Could you give again exactly, and only, the lines from the one holding "Ezen Designs - St." through the end of the data, both ends included, with pictures left out?

Recorded information: Begin

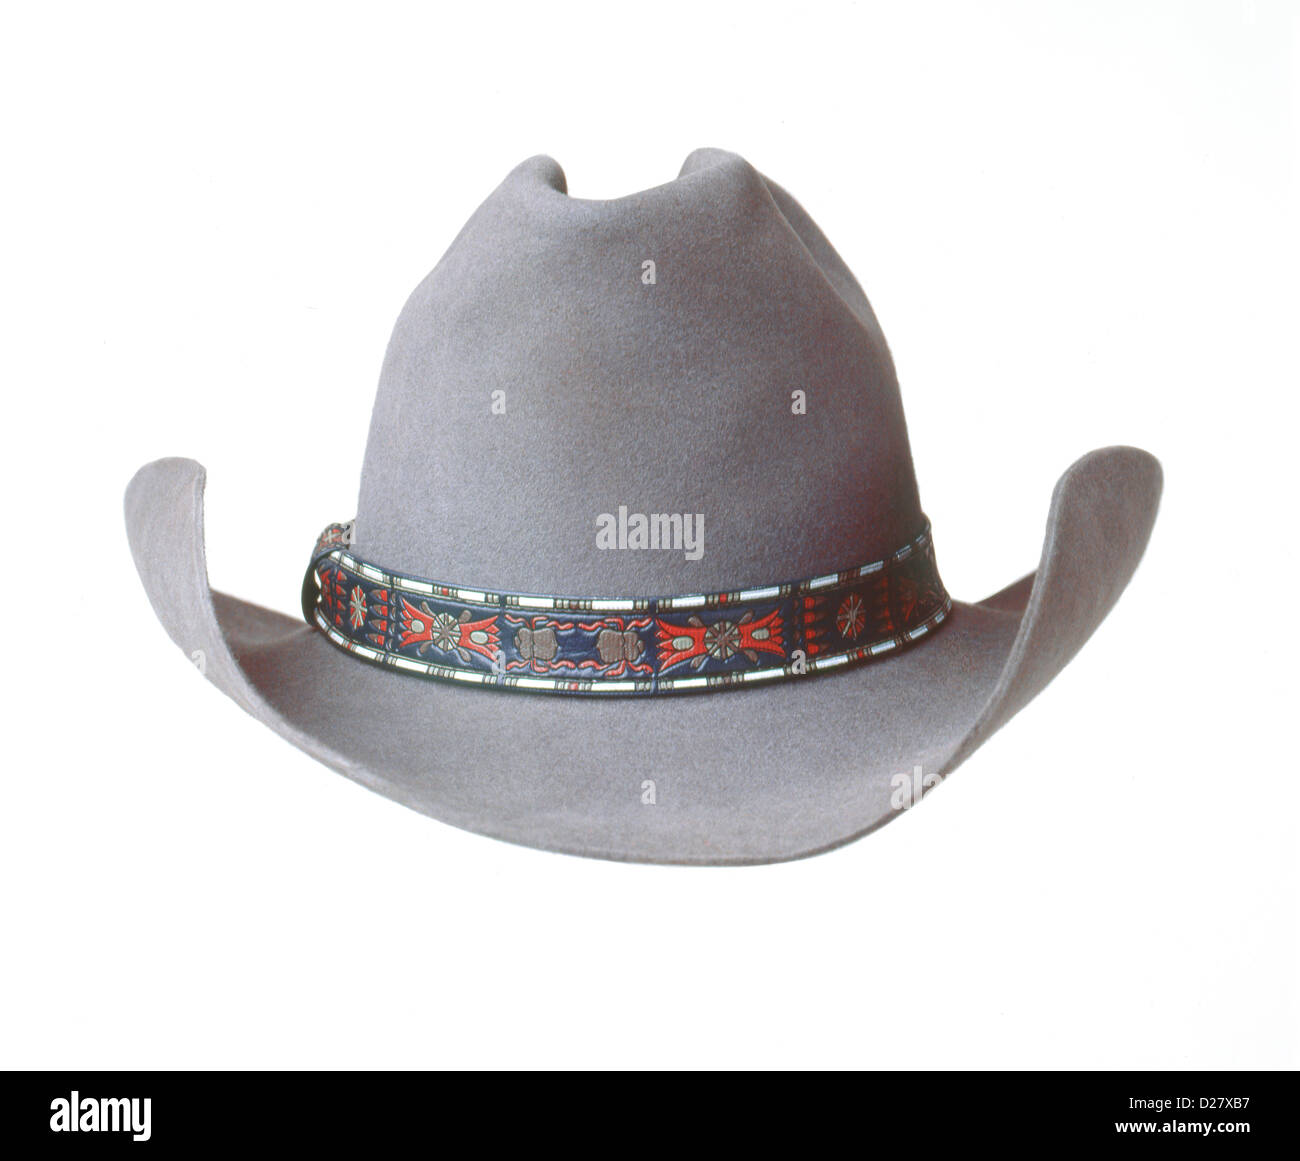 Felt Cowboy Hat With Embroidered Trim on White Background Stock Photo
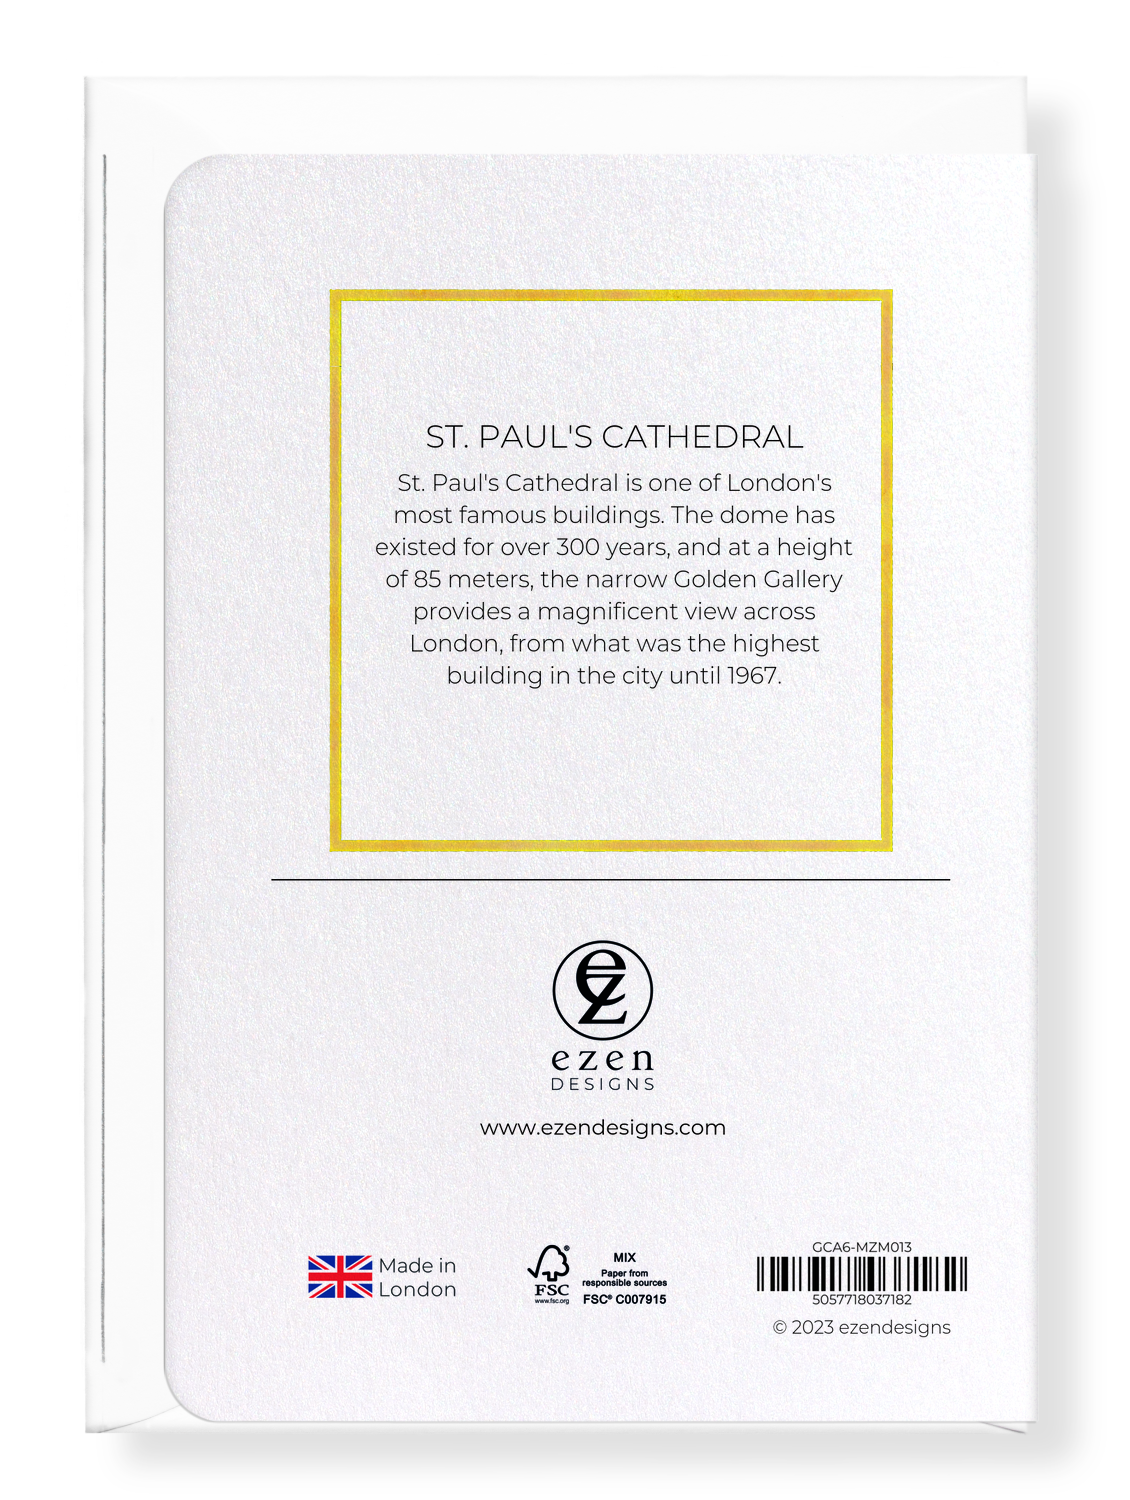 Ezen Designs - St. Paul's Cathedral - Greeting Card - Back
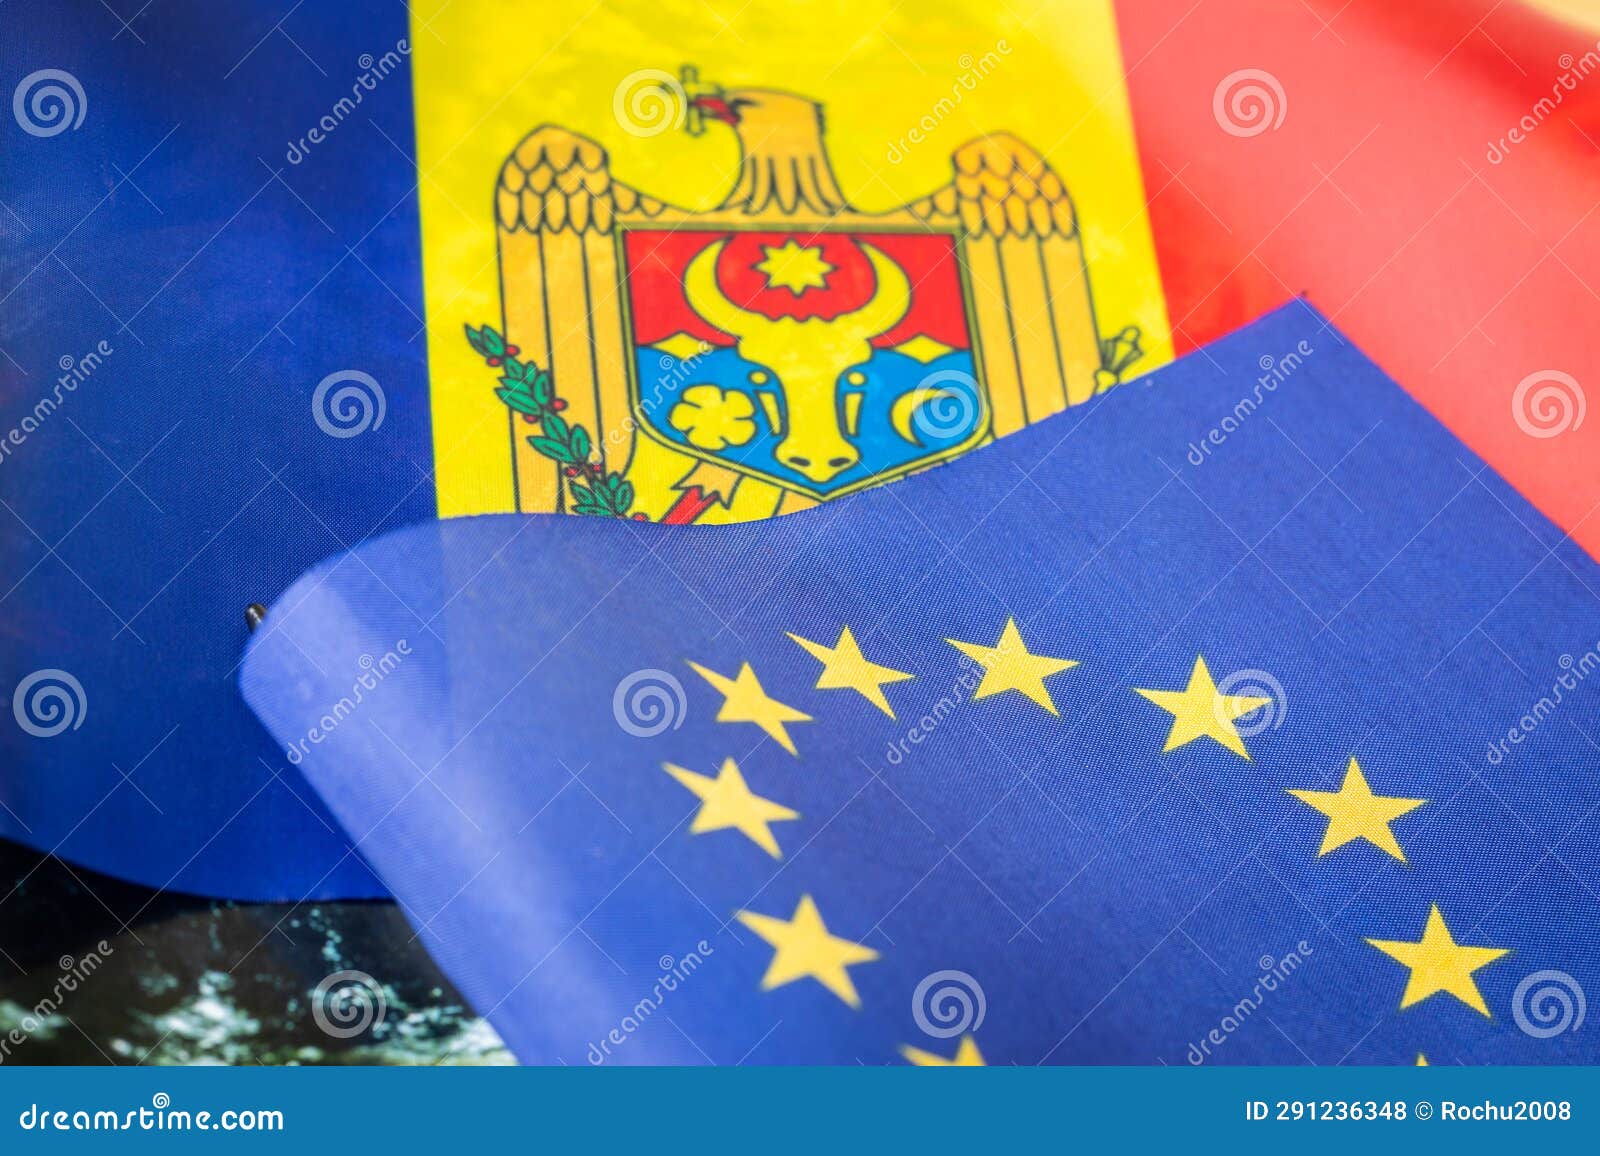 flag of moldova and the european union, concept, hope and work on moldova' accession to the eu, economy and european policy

Recorded information: End

Answer space =>
 Ezen Designs - St. Paul's Cathedral - Greeting Card - Back
 flag of moldova and the european union, concept, hope and work on moldova' accession to the eu, economy and european policy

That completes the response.